The usual health care provider is important in providing health education for early

cervical cancer screening. Only 1.5% of the participants had no usual heath care provider,

indicating that more than 90% of them had regular contact with health care workers. This is

supported by the finding that 73.5% of participants received screening information directly

from a health worker even though only a few them were actually screened. According to

studies done in America, physicians seldom refer elderly women for cervical cancer

screening using the assumption that it would not improve quality of life at that age. So

although most elderly women came in contact with health care workers, few of them were

referred for screening. In Zimbabwe, a lot of resources towards cervical cancer efforts have

been channelled to the 15-49 year age group whilst neglecting the elderly people (Chipfuwa,

72

2012). A survey done at the Visualisation and Acetic Testing screening clinic at Parirenyatwa

and Chinhoyi showed that 14 out of 23 health care providers did not refer elderly patients for

cervical cancer screening with 1 of the reasons being that they were perceived to now less

sexually active thereby at no risk of developing cervical cancer. This was part of a study to

assess knowledge levels about the cervical cancer screening package given to health care

workers (Chinhamora, 2009). Health care providers at VIAC centres verbalised that they

hardly refer elderly patients for cervical cancer screening as they perceive it to be a waste of

resources. There is a need for further research to find out other reasons for non-referral.

5.2. Late stage cervical cancer diagnosis

Respondents for the study had been diagnosed from 1999 – 2015. The duration of

diagnosis for 64.7% of respondents was within 3 years and 35.3% beyond 3 years.

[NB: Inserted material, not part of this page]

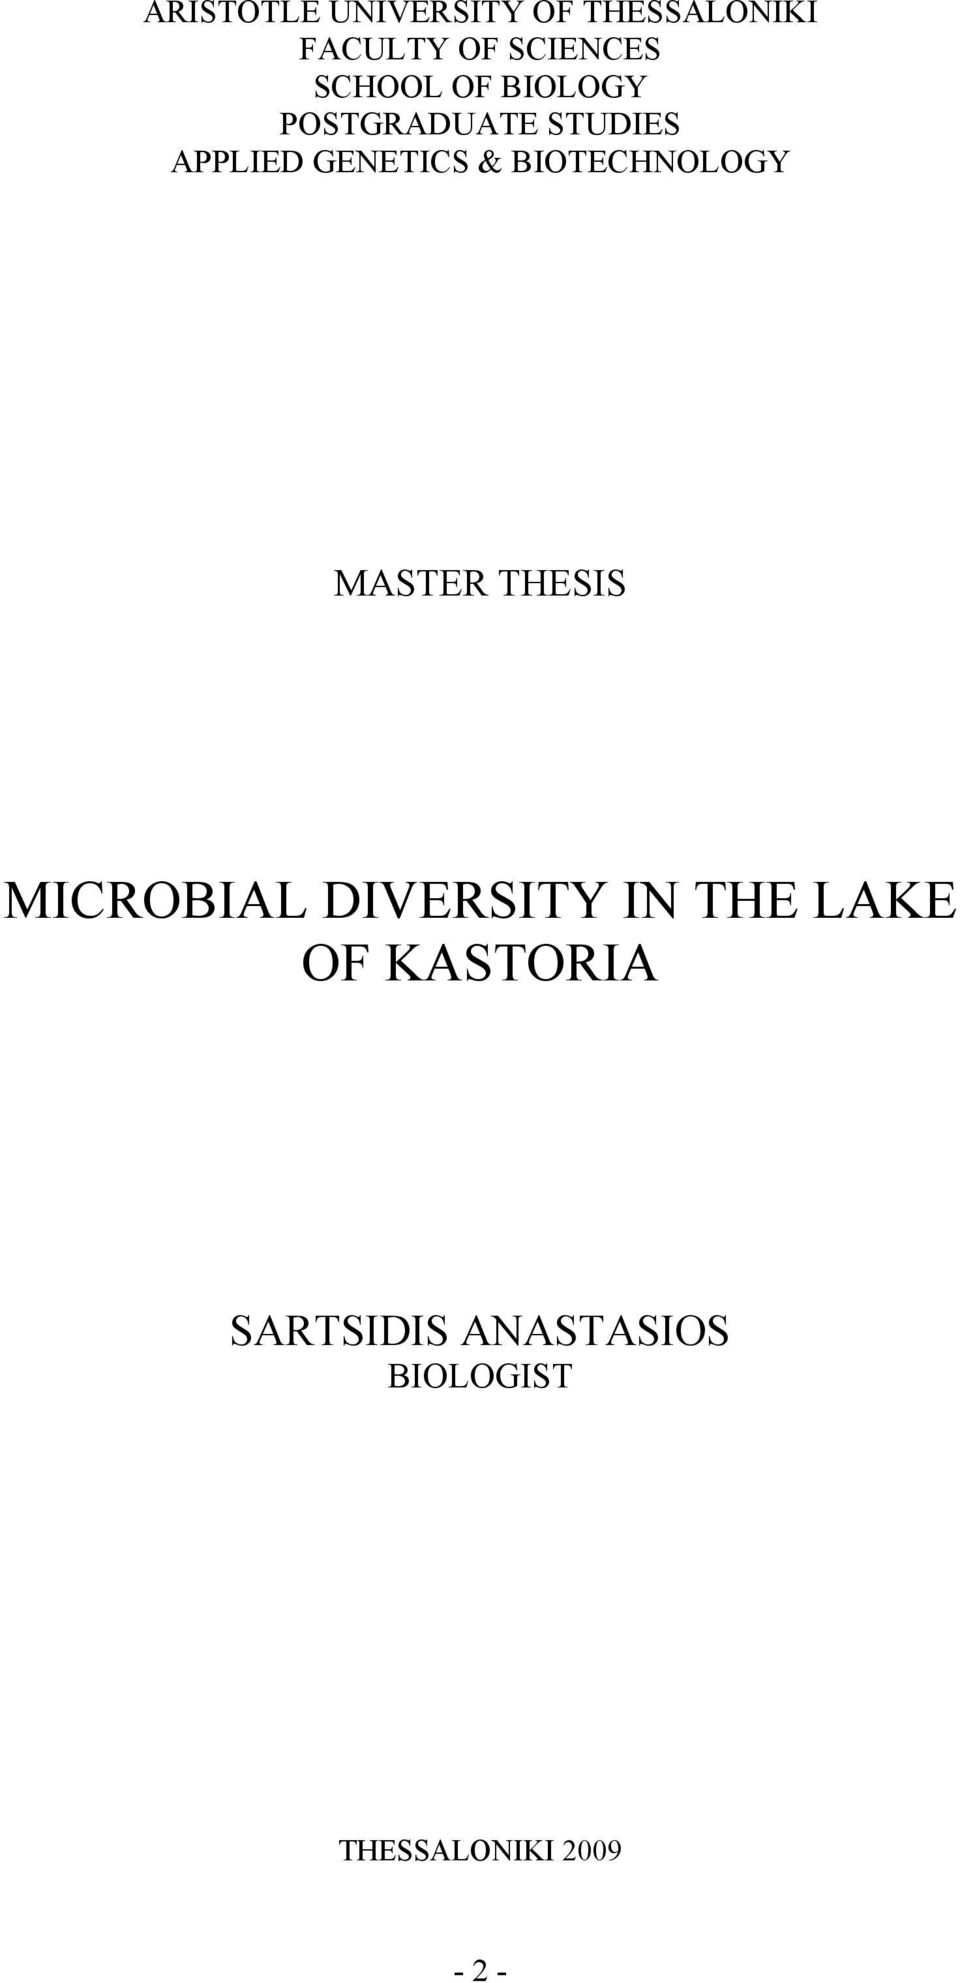 BIOTECHNOLOGY MASTER THESIS MICROBIAL DIVERSITY IN THE LAKE

Presentation by stage was normally distributed with most participants presenting at stage 111

(38.2%) and 27.9% presenting with stage 1V. Prevalence for late stage presentation was

0.661. The Zimbabwe National Cancer registry put the prevalence of cervical cancer

presentation at 0.154 in 2009; it stands to reason that the prevalence has increased since then

despite early detection awareness due to late stage presentation of patients. This supports

findings from a study done in Cleveland that more cancer causing lifestyles are affecting the

elderly now and leading to late diagnosis of cancers (Berger, 2011).

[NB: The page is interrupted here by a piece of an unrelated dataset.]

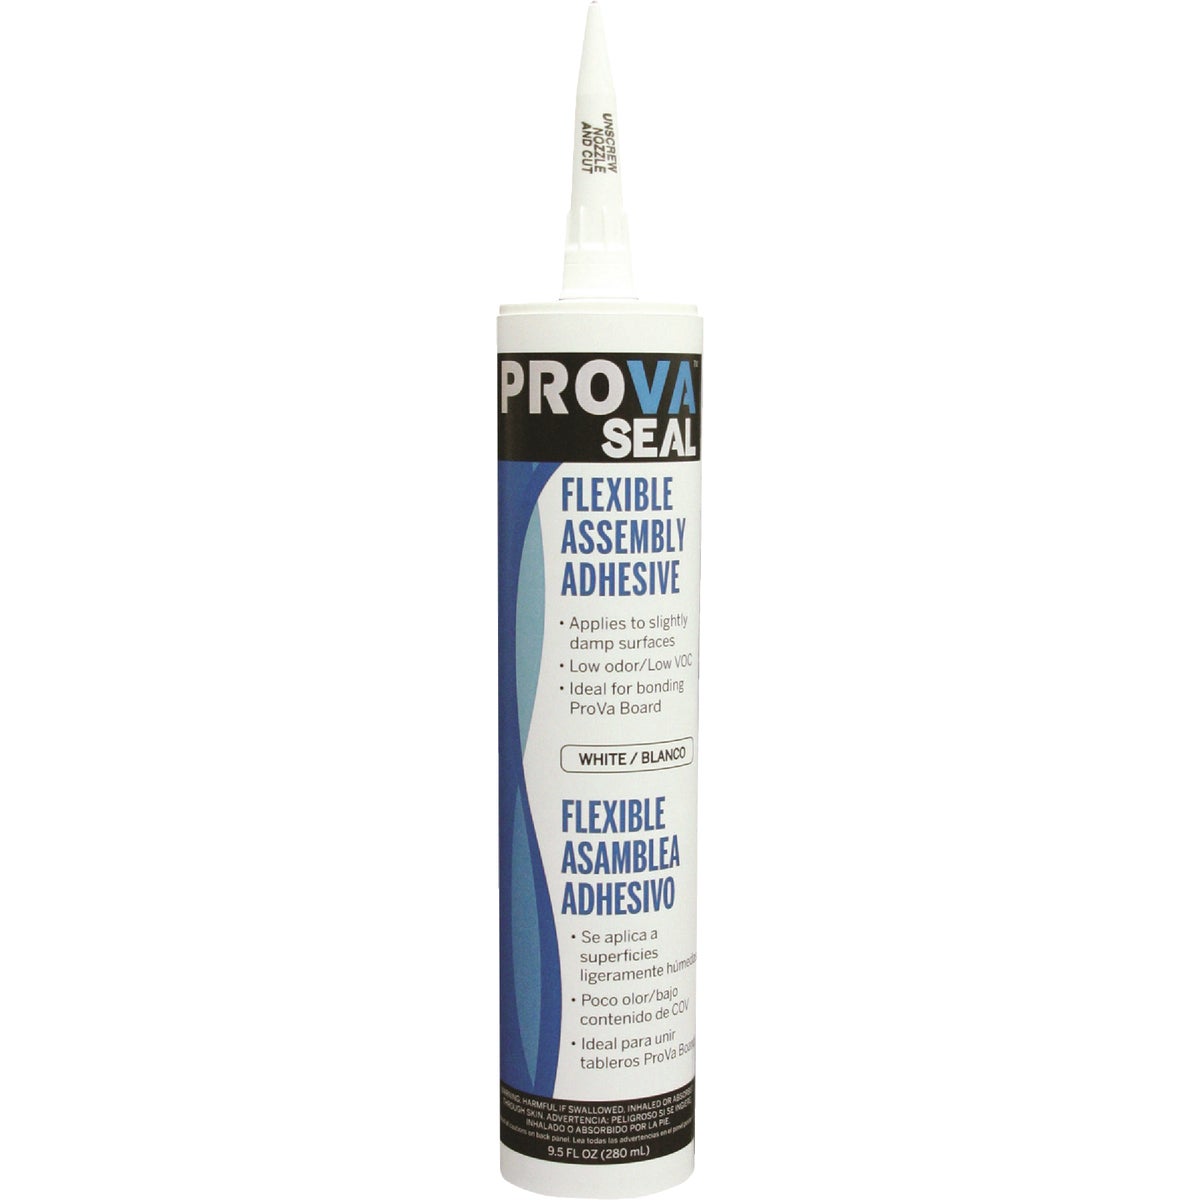 Item 100592, Prova Seal is a hybrid silicone sealant that features a polymer base that

Fortunately, 92.6% of participants were on treatment, with 33.8% receiving combined

therapy. The most common combination was radiotherapy coupled with chemotherapy which

gave rise to a high development of comorbidities after cervical cancer diagnosis for these

elderly women.

73

5.3. Comorbidity

Fifty-four respondents (79.4%) suffered from comorbidities. From these, 35% had at

least 3 or more other chronic illnesses before the cervical cancer diagnosis. The average

number of comorbidities was 2.03. Hypertension and diabetes mellitus were the most

common comorbidities patients had before they were diagnosed with cervical cancer. After

diagnosis, respondents reported renal, heart and liver failure as the most common illnesses.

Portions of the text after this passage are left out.